To answer your questions, since almond pollinators are busy working, 17 rows of 6 fourway pallets each, $2.25 to $3.00 per mile, sometimes yes, sometimes no.


----------



## Daniel Y (Sep 12, 2011)

440
couple grand
no Btu I have had several people tell me they can come back fairly well built up. Time on the almonds seems to be more about them building up rather than production. Almond pollination is also geared more about the pollen. growers want to see bees start at 10a.m and be finished for the day at about 2 P.M. in other words there are so many bees they are all pretty much starving. The idea is that if all pollen each day is gathered by the bees. then they got maximum pollination. That is according to info I got from the California Almond Growers website. Sort of like the idea situation for the grower with no concern for the bees.


----------



## Matt903 (Apr 8, 2013)

sqkcrk said:


> Matt,
> What do you do for a living? How many ride in your car? How much do you make per hour or are you on a salary plus benefits type pay? People always want to know what someone else makes. As if it is supposed to make them feel good about themselves or is a contest or something. But then they don't really ask what it costs. Shipping is only one cost. And the grower pays for it, ultimately.



Sqkcrk,

I meant no disrespect with my question, I don t feel it is a contest at all, just a field of beekeeping I was curious about. Since I asked about money and you asked me, I will tell you. 4 people ride in my car, I am an assistant principal in a rural school district, my base salary is 38,000 a year on an eleven month contract, I might get a 2000 bonus depending on student test scores, and I get health insurance and retirement after 30 years. As I look back on my original post, I think you took me wrong. I didn't mean "other half" in the context of "rich" commercial beekeepers. I meant it in the context of the other side of beekeeping, the side I know nothing about. 
Thanks for your answers.


----------



## clyderoad (Jun 10, 2012)

Matt903 said:


> Hello
> Just a hobbyist/sideliner with a couple of commercial questions. For you almond pollinators..how many hives can you get on a flatbed 18 wheeler? What is the cost to ship the bees to CA, say 500 miles? Do you get any honey from almonds? I have no intention to get into migratory beekeeping, but the whole process interests me, just wondered how the other half lived


I don't see your question as disrespectful at all.
Judging by his answer maybe sqkcrk didn't read the question, or is having a bad day.
The largest bee event in the US is an interesting topic.


----------



## Tenbears (May 15, 2012)

Don't sweat it, the problem with the written word is it leaves room for inflection, or expression. 
It is not like you called your local Taxidermist and asked him to instruct you on how to tan your own hide.


----------



## sqkcrk (Dec 10, 2005)

Matt903 said:


> sqkcrk said:
> 
> 
> > Matt,
> ...


----------



## grozzie2 (Jun 3, 2011)

sqkcrk said:


> Matt,
> What do you do for a living? How many ride in your car? How much do you make per hour or are you on a salary plus benefits type pay?

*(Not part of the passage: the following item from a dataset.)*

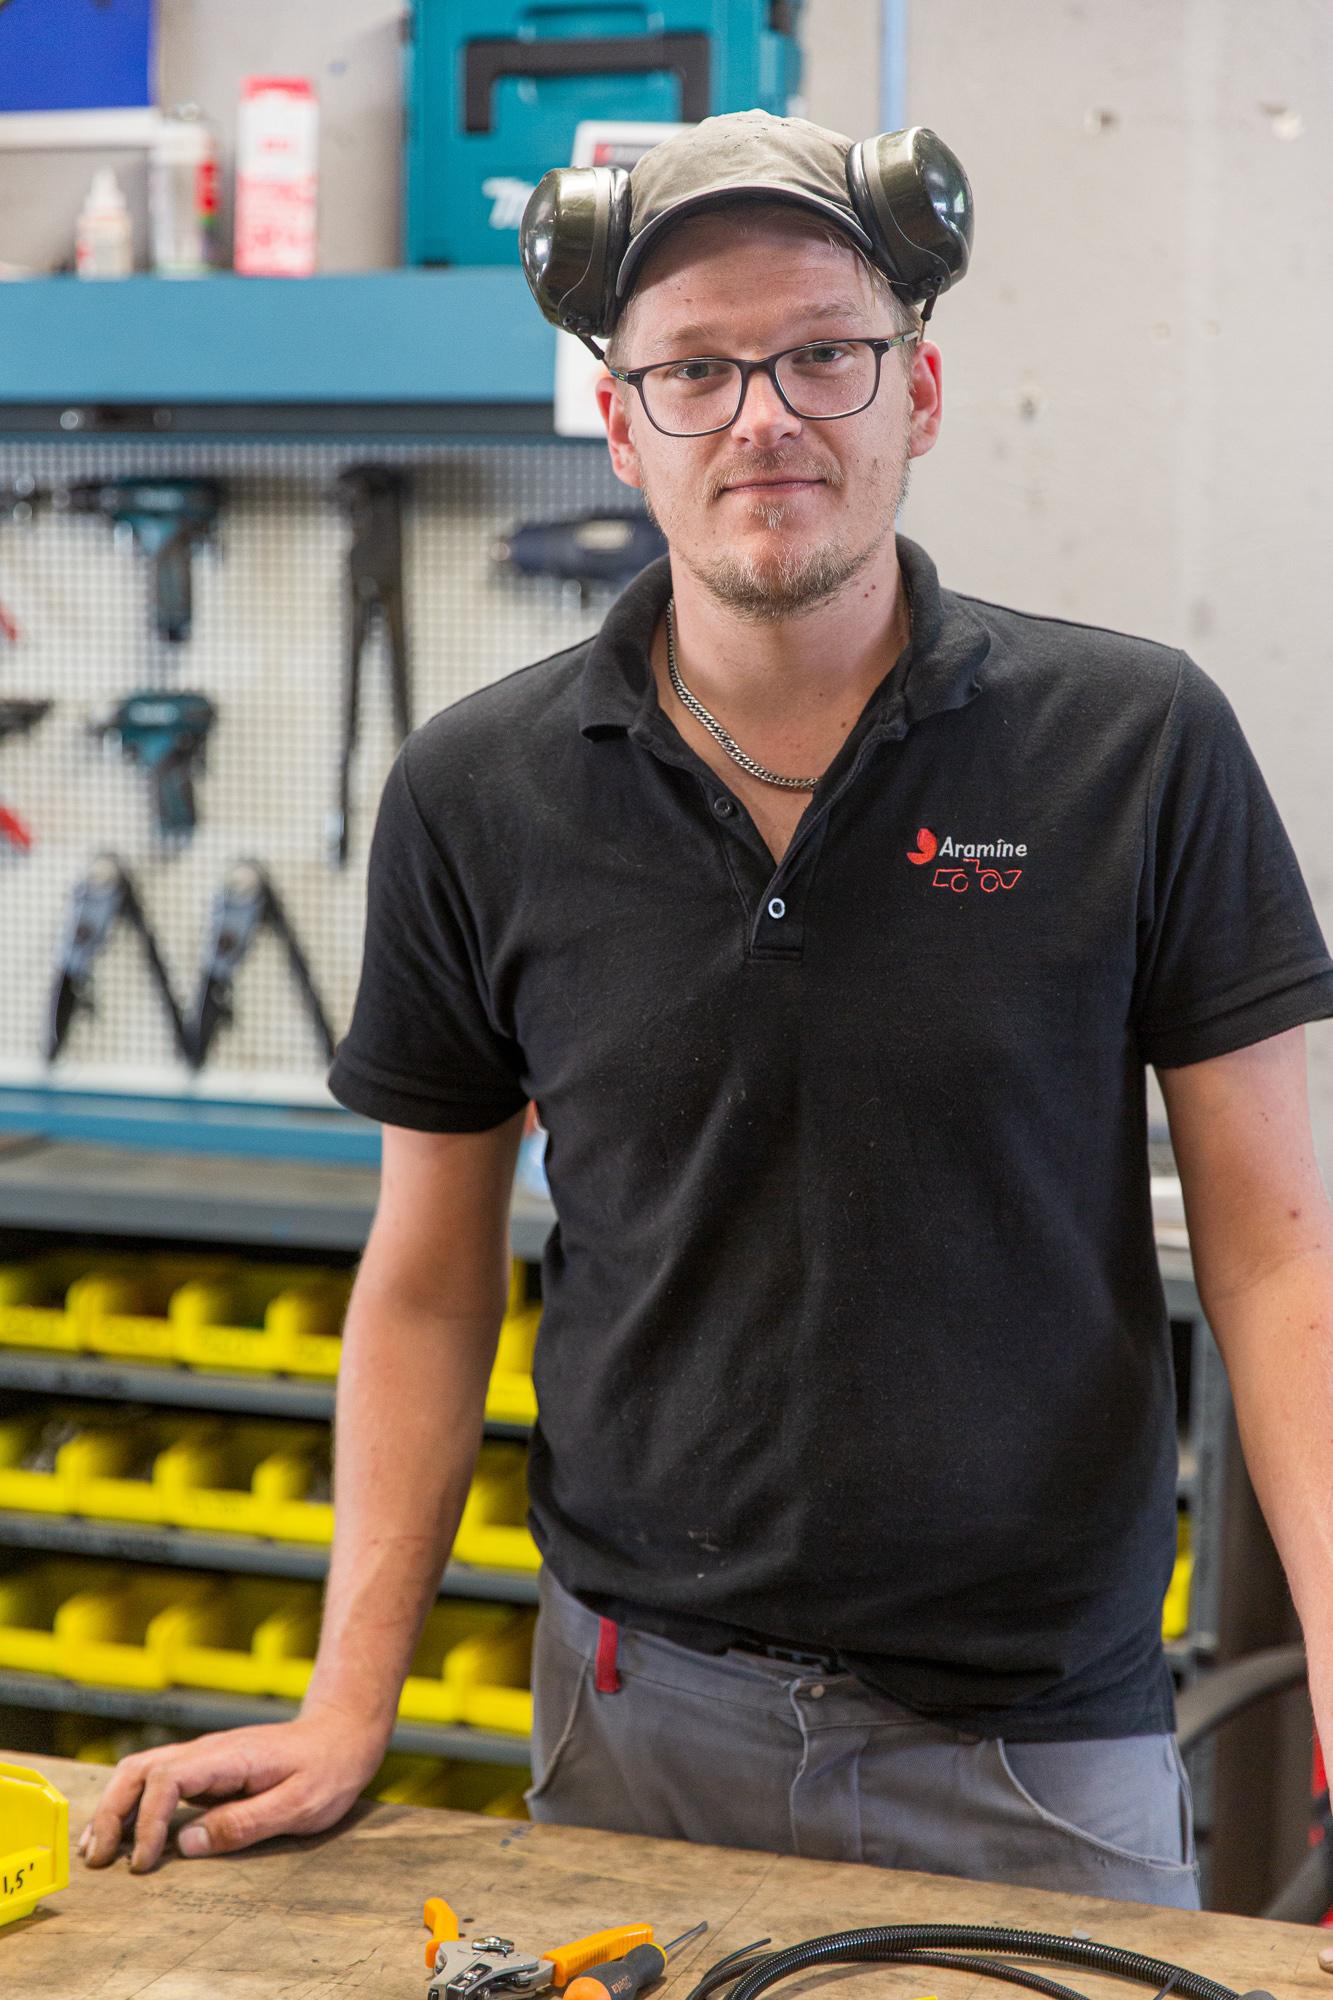 Employé de l'entreprise Aramine dans son atelier technique

Ooops, did somebody urinate in the corn flakes this morning 

But your post does remind me, I've been rude, I read and sometime participate in the commercial section, yet I've never introduced myself. Allow me to do that now. I'll answer the questions out of order.

My name is Gerry, last name withheld for reasons spelled out below. I drive a Prius, it seats 5 when the seats are all up. It seats 2 with the back seats down, and that leaves enough room for me to move a couple double deeps in the back. I dont have enough hives to justify a truck to move them, and the Prius gets the job done just fine for my needs. When I had to move all 10 hives at once this summer, I rented a u-haul and hooked it up behind the camper van (seats 3), then towed the trailer to our new home. We dont move our hives up into the mountains to chase the fireweed like many of the folks in this area. Now that we have bought a small acreage and moved onto it, I dont envision moving hives at all anymore.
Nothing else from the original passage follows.